The object below represents a four-dimensional CRF polytope, the triangular hebesphenorotundaeic rhombochoron, or J92 rhombochoron for short.

One of many possible Zome realizations of the J92 rhombochoron, all using red, yellow, and blue struts. Of those I explored, this is the nicest one, since many of the projections are more "squashed", and this one does have the J62 in blue.

Somewhat unusually, this CRF polytope can be realized (as a 3D projection) in Zome struts. This is because its 4D coordinates can all be stated using expressions involving only integers and the golden ratio φ\varphi.

In general, a CRF polytope is a 4D generalization of a Johnson solid. There are 92 different Johnson solids, having variously esoteric names, but fortunately also numbered. The polytope shown here has some J92 cells and some J62 cells. In the first rendering, one of the J62 cells is made entirely with blue struts, since that cell lies entirely in the 3D hyperplane of projection. All other cells are somewhat foreshortened in the 3D projection, because they do not lie in that hyperplane.

In order to show the internal structure more clearly, only the "near" half of the object is rendered; the other half would fit inside the same volume, as a rotated or reflected copy.

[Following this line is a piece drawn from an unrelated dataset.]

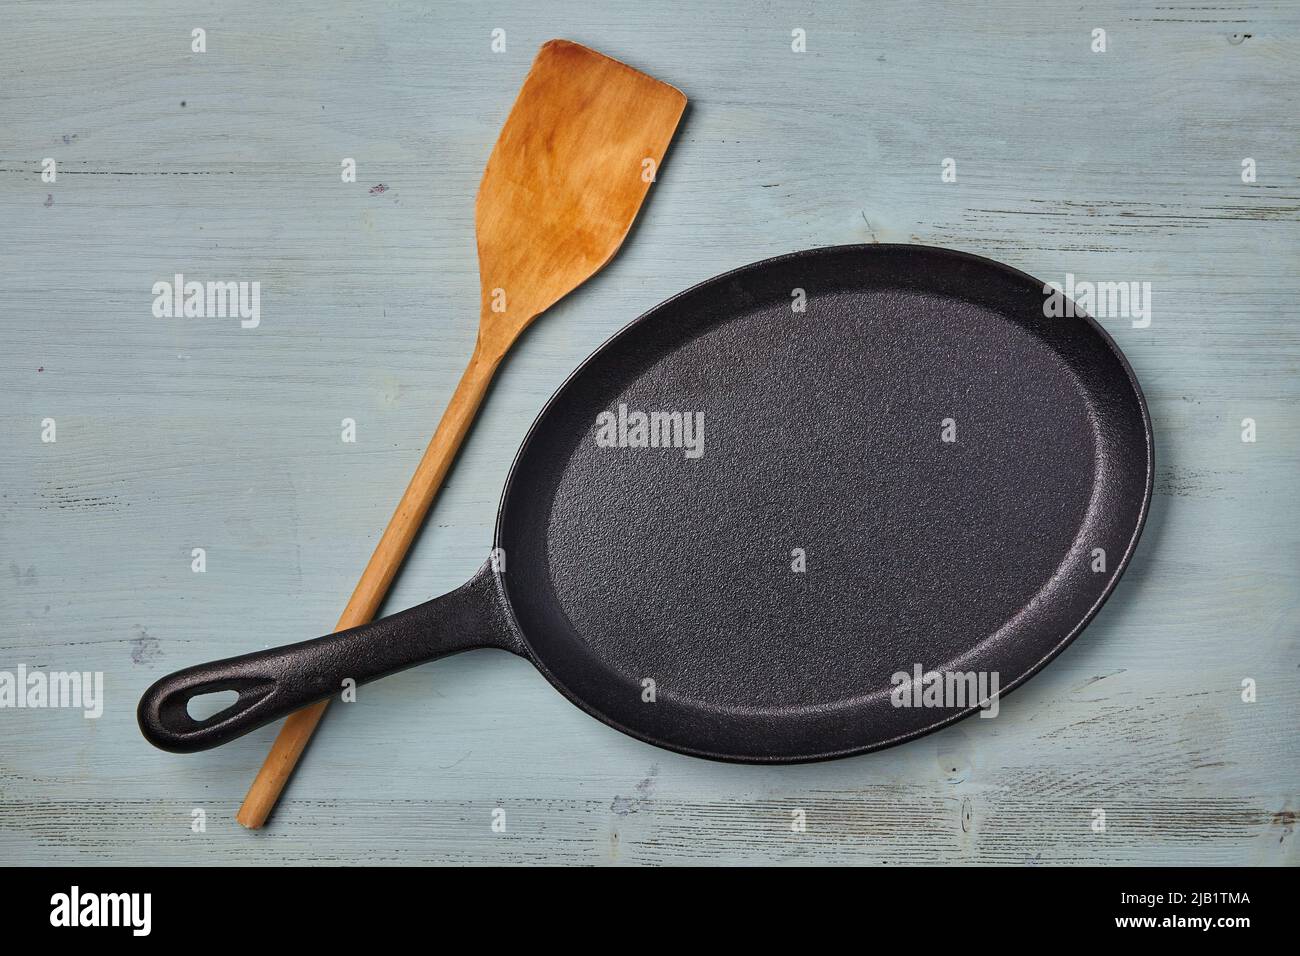 https://c8.alamy.com/comp/2JB1TMA/oval-cast-iron-frying-pan-with-a-wooden-spatula-on-a-blue-wooden-table-template-for-laying-out-dishes-2JB1TMA.jpg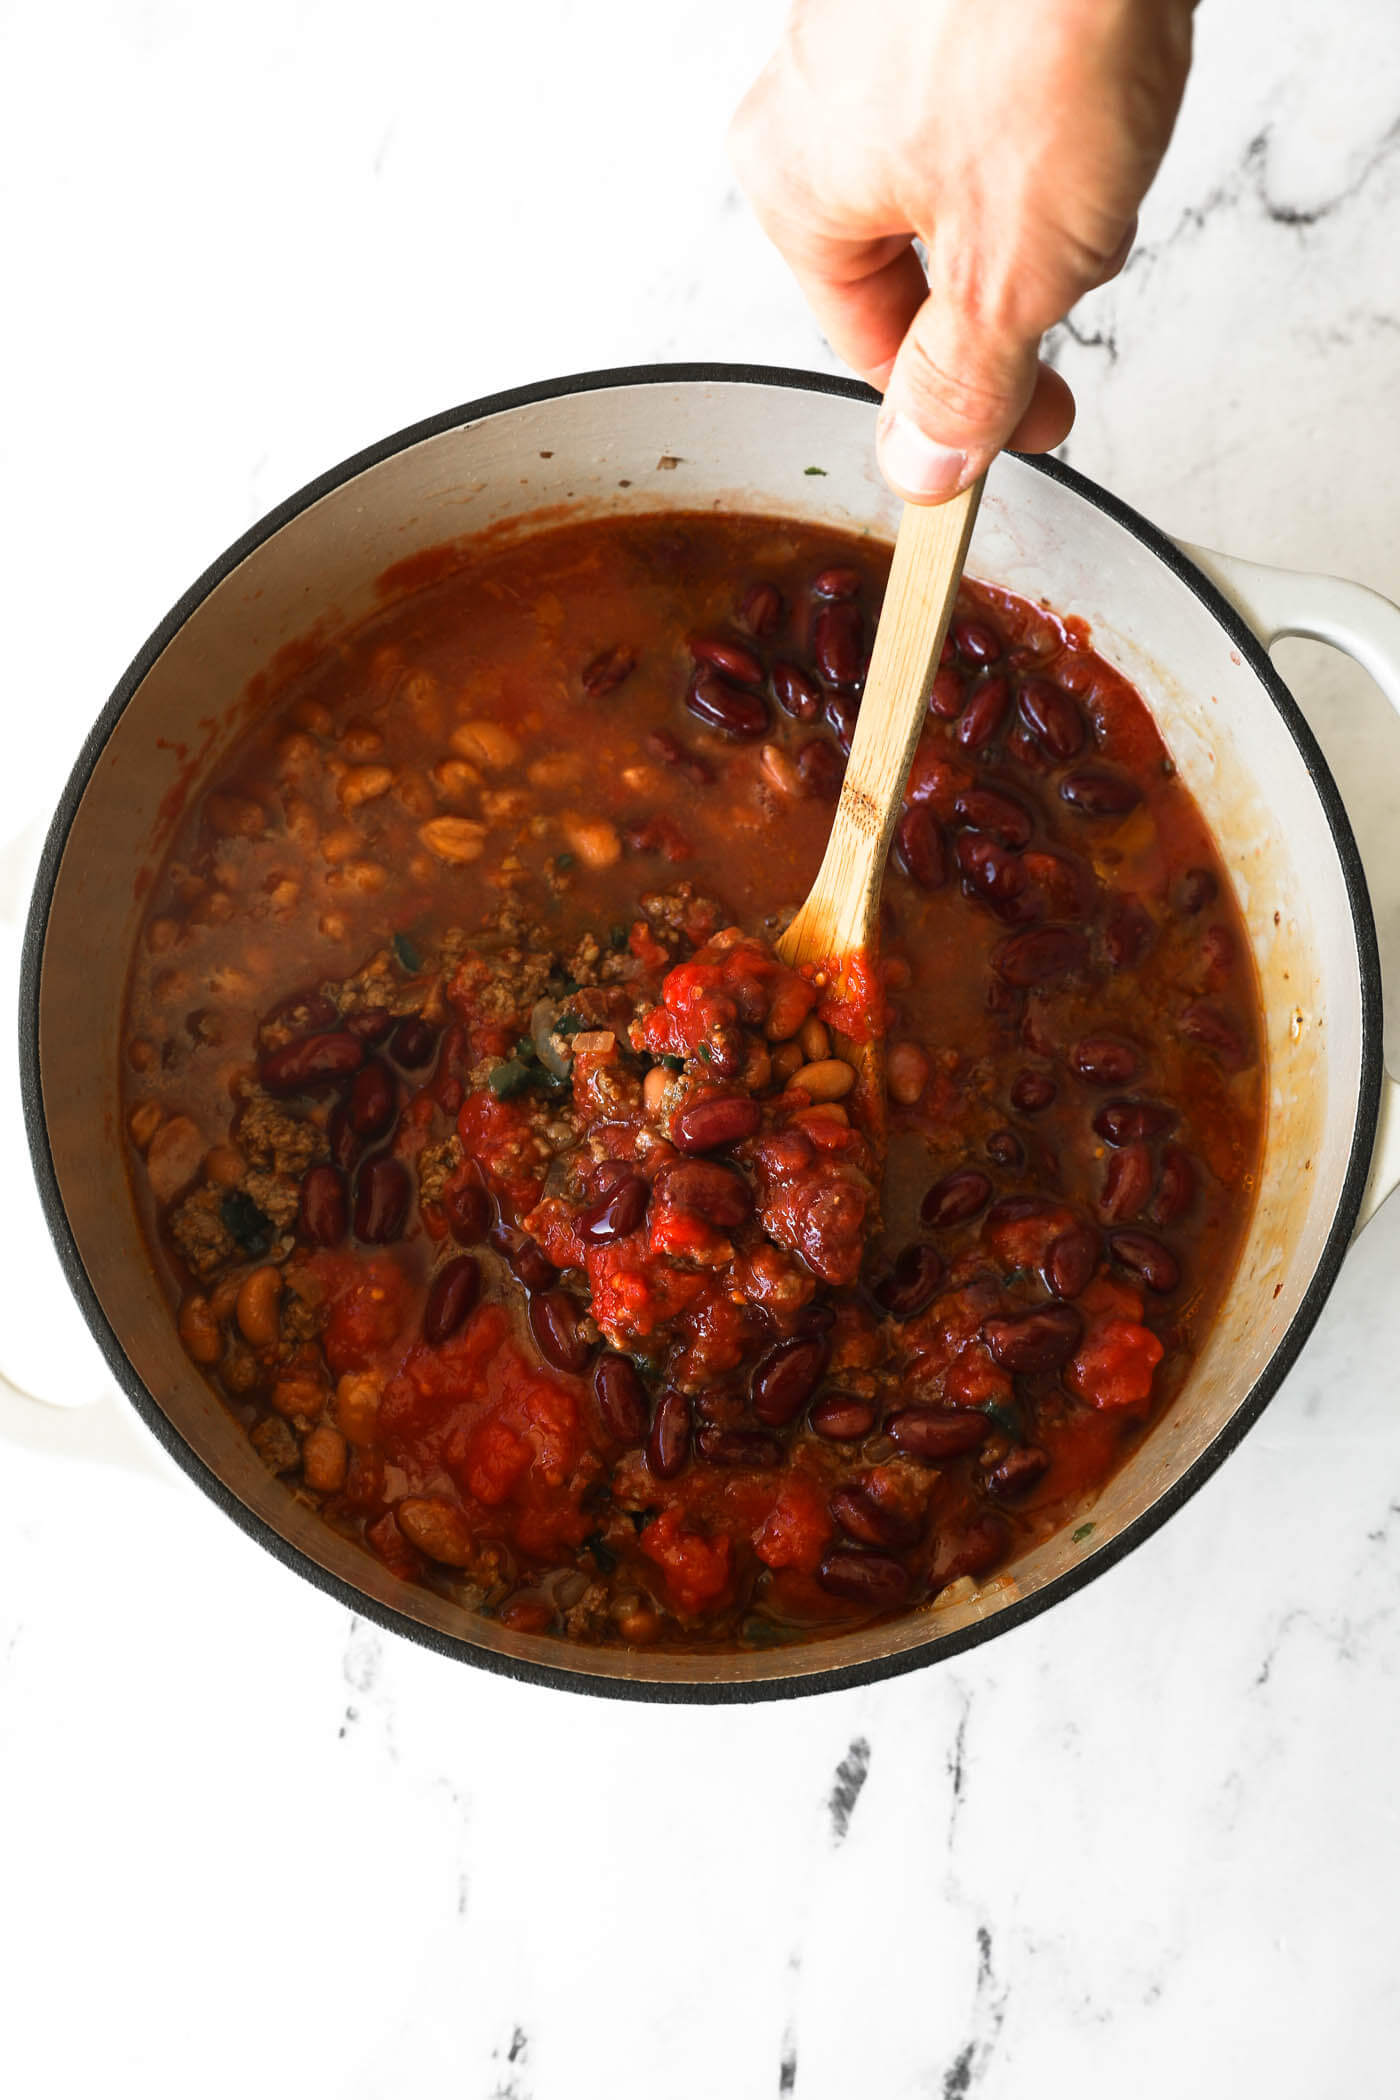 Stirring all of the chili ingredients together in a dutch oven before covering to simmer on the stove.

We can stretch the object slightly along a red strut axis perpendicular to one of the internal blue pentagons, until a J92 cell is rendered in blue struts, rather than the J62 cell. Stretching like this is equivalent to rotating our 3D projection hyperplane relative to the line of projection, so they are no longer orthogonal. For a 3D-to-2D analogy, imagine taking a Zome model out in the sun, and casting a shadow on the ground when the sun is not directly overhead; the shadow will be a little elongated in the same way, since the sun’s rays are not orthogonal to the ground plane.

The stretched model takes us outside of the realm of normal, physical Zome, since it needs purple and orange struts.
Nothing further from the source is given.